DATASET SECTION:
··········

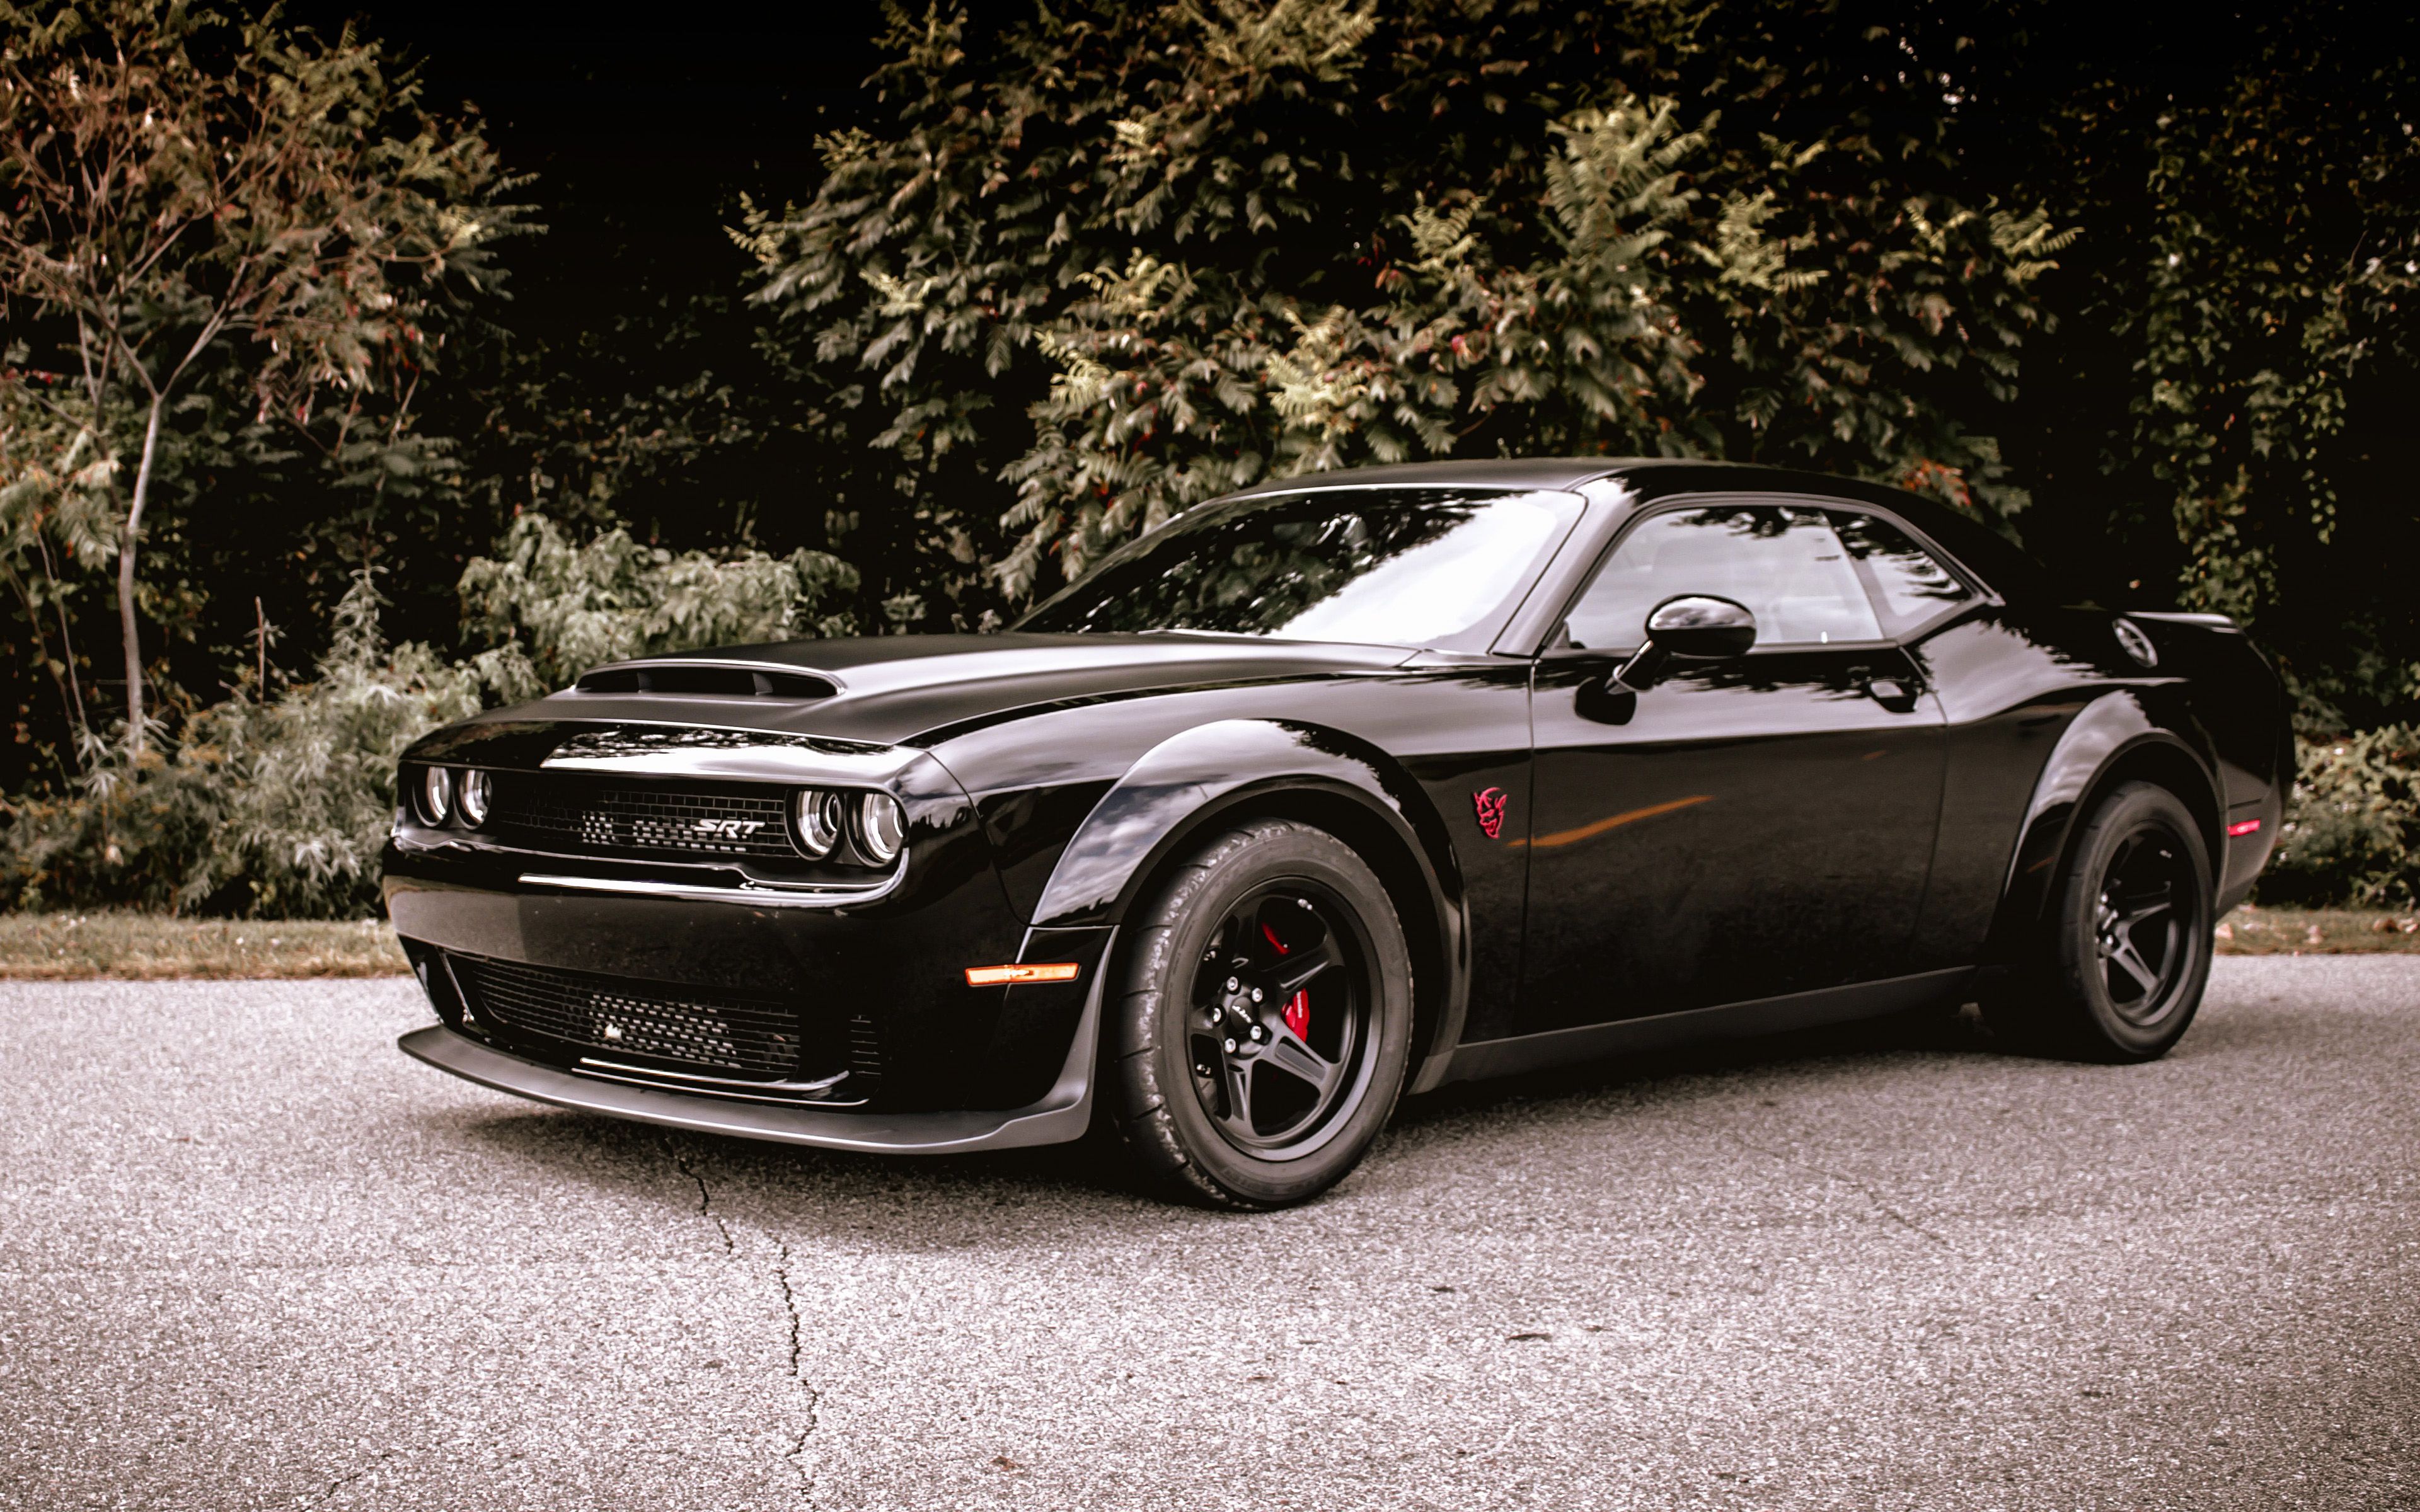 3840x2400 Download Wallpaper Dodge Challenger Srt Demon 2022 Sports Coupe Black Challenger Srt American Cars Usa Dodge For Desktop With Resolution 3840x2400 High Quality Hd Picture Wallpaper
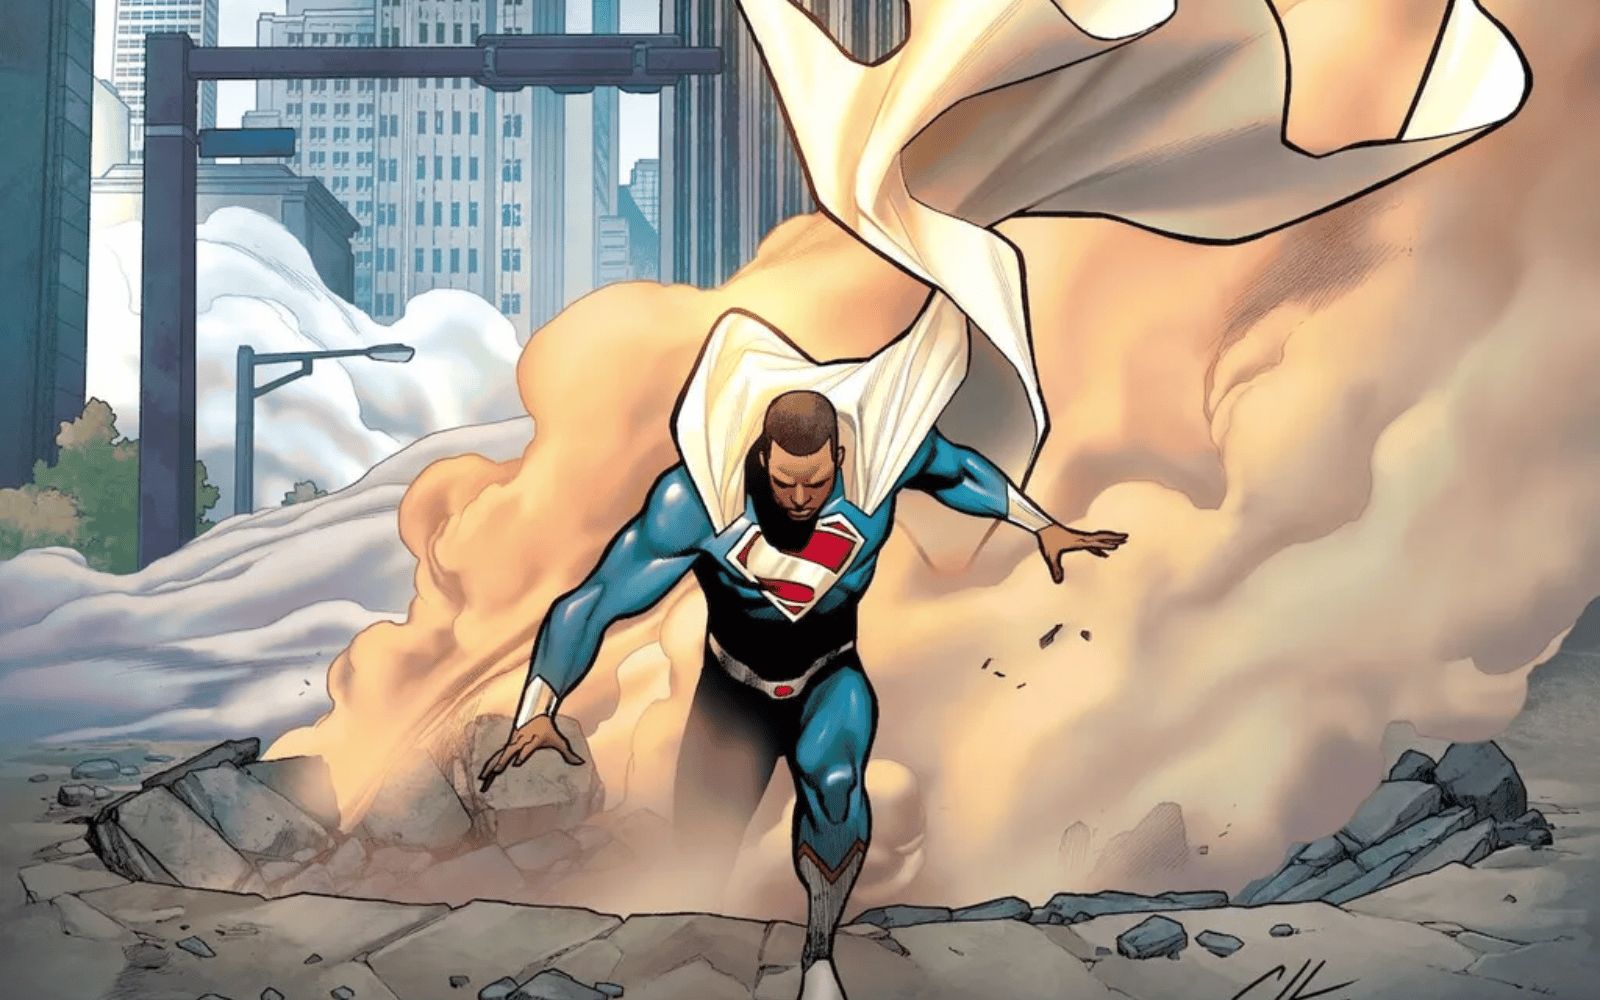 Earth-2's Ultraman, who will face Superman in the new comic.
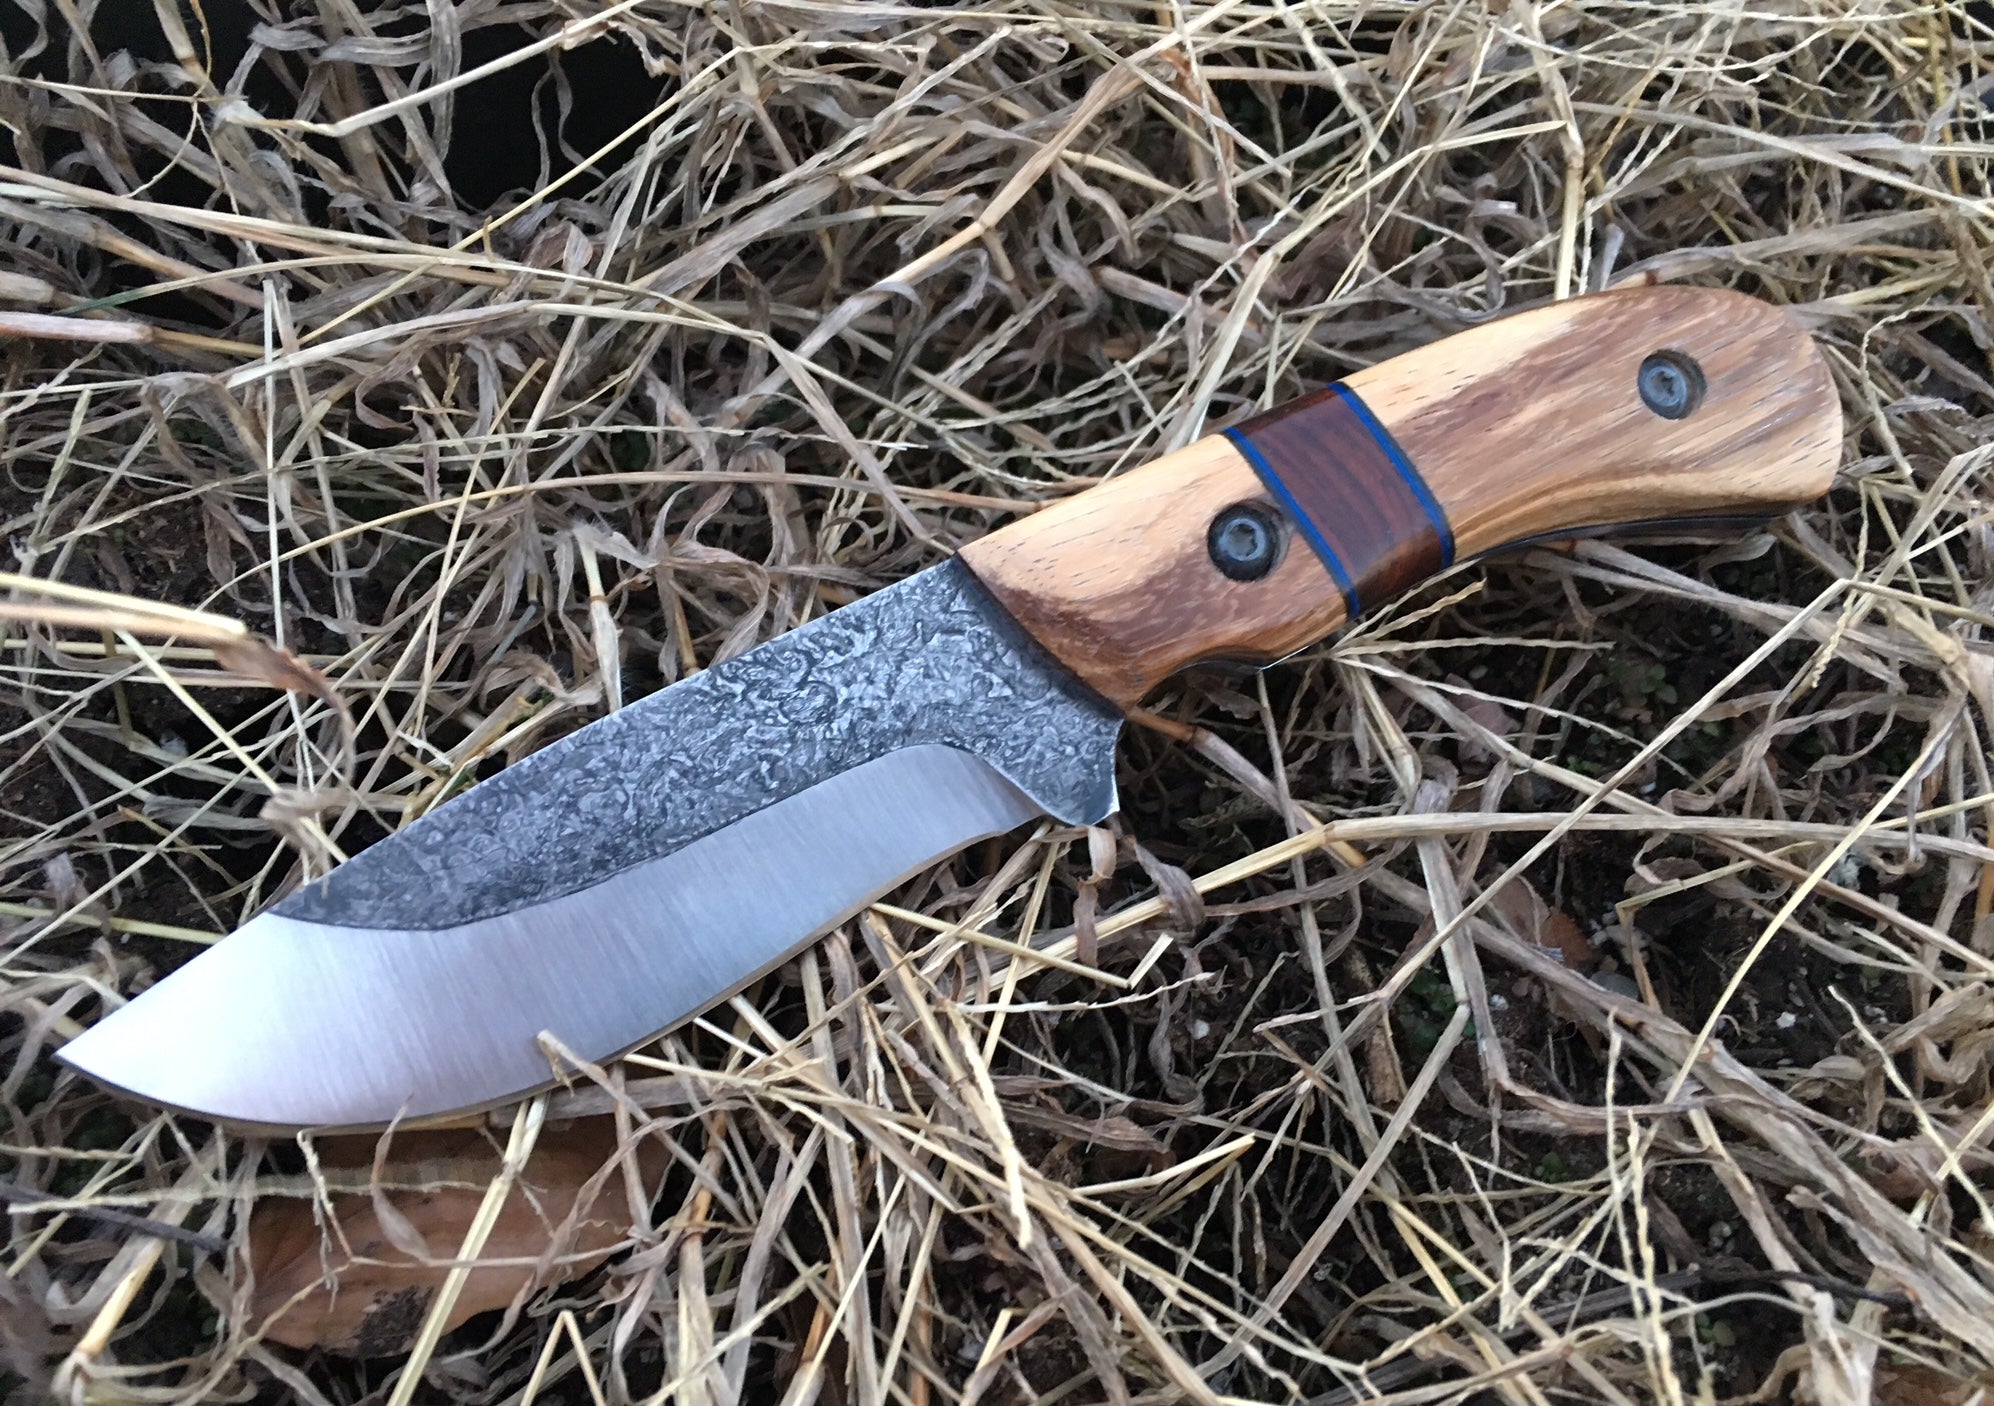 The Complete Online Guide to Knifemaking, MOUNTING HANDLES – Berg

··········

DIRECTIONS:
What is needed is the whole listing again, exactly as written, with the images left out.

TASK RESULT:
 3840x2400 Download Wallpaper Dodge Challenger Srt Demon 2022 Sports Coupe Black Challenger Srt American Cars Usa Dodge For Desktop With Resolution 3840x2400 High Quality Hd Picture Wallpaper
 Earth-2's Ultraman, who will face Superman in the new comic.
 The Complete Online Guide to Knifemaking, MOUNTING HANDLES – Berg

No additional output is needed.